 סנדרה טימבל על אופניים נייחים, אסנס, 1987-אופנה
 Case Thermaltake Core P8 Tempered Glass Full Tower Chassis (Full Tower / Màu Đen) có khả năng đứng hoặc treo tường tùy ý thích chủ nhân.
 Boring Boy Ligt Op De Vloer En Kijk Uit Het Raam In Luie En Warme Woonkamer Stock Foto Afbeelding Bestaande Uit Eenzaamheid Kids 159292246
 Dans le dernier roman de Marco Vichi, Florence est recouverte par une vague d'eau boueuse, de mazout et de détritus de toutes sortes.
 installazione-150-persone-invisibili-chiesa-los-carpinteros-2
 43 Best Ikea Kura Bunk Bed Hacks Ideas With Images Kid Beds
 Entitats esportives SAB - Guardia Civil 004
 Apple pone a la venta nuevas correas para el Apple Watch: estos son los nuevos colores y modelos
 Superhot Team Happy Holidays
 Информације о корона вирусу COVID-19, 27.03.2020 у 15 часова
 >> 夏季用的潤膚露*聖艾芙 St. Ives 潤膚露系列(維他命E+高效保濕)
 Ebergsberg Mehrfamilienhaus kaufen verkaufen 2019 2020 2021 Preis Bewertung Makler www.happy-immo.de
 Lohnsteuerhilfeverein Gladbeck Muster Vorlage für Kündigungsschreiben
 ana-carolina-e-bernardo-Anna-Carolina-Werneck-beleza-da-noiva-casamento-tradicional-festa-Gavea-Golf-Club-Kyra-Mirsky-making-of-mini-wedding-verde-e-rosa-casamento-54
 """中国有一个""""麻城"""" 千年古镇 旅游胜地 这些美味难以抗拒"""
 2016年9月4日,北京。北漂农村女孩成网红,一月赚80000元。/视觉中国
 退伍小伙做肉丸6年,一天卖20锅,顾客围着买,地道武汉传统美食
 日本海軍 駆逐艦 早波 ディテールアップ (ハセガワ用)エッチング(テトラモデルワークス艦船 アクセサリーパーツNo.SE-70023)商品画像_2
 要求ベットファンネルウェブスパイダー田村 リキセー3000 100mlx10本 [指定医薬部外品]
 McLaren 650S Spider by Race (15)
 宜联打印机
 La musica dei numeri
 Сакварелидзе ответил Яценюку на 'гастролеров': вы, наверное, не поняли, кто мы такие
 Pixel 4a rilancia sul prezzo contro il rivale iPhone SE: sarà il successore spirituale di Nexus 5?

· · · · · · ·

Work to be completed:
Quote exactly the lines running from the start of the listing above through the line where "Apple pone a" is found, and output no other lines.

Written solution:
 סנדרה טימבל על אופניים נייחים, אסנס, 1987-אופנה
 Case Thermaltake Core P8 Tempered Glass Full Tower Chassis (Full Tower / Màu Đen) có khả năng đứng hoặc treo tường tùy ý thích chủ nhân.
 Boring Boy Ligt Op De Vloer En Kijk Uit Het Raam In Luie En Warme Woonkamer Stock Foto Afbeelding Bestaande Uit Eenzaamheid Kids 159292246
 Dans le dernier roman de Marco Vichi, Florence est recouverte par une vague d'eau boueuse, de mazout et de détritus de toutes sortes.
 installazione-150-persone-invisibili-chiesa-los-carpinteros-2
 43 Best Ikea Kura Bunk Bed Hacks Ideas With Images Kid Beds
 Entitats esportives SAB - Guardia Civil 004
 Apple pone a la venta nuevas correas para el Apple Watch: estos son los nuevos colores y modelos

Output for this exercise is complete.